**Task brief:** From the entries below, output the line with "Exterior turret detail" and each following line up to and including the line with "Lepas Pasang Aircond", exactly as written.

**Dataset:**
--------------------------------
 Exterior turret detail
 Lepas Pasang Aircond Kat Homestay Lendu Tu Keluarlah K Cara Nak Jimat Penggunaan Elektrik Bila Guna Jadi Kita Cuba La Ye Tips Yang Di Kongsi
--------------------------------
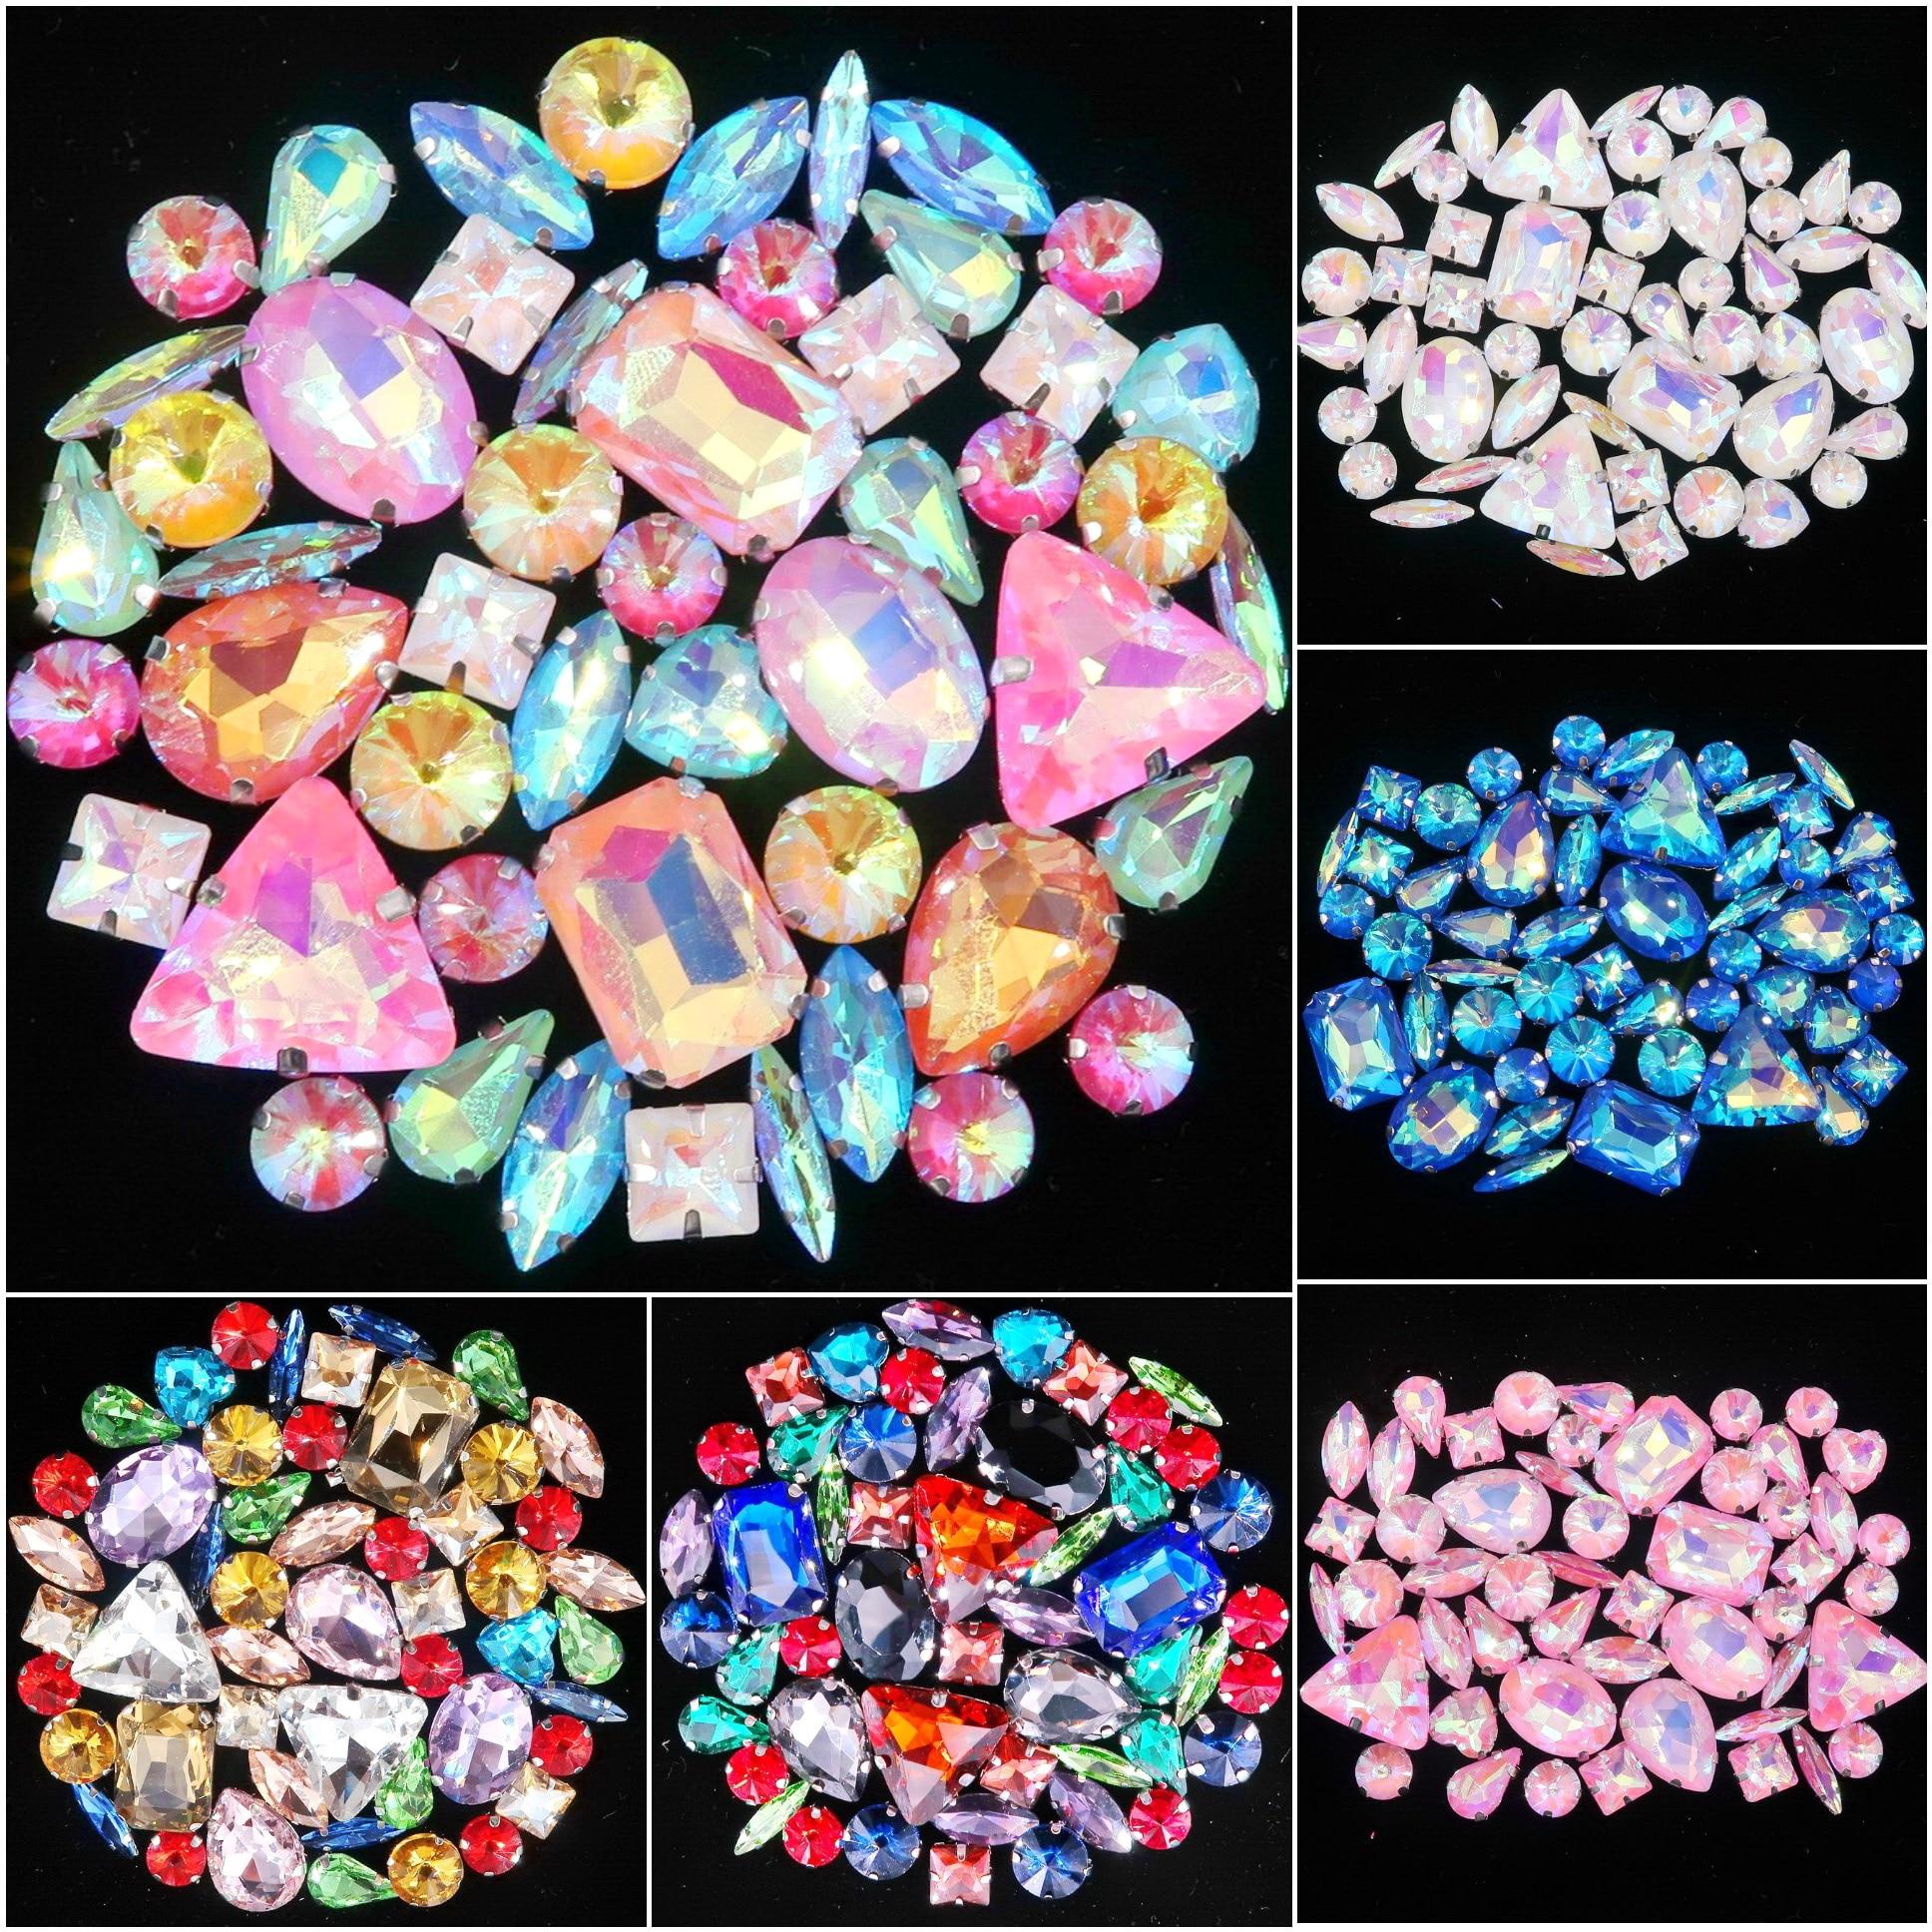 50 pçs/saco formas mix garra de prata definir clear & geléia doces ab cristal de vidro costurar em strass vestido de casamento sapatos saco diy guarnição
--------------------------------
**Problem solution:**
 Exterior turret detail
 Lepas Pasang Aircond Kat Homestay Lendu Tu Keluarlah K Cara Nak Jimat Penggunaan Elektrik Bila Guna Jadi Kita Cuba La Ye Tips Yang Di Kongsi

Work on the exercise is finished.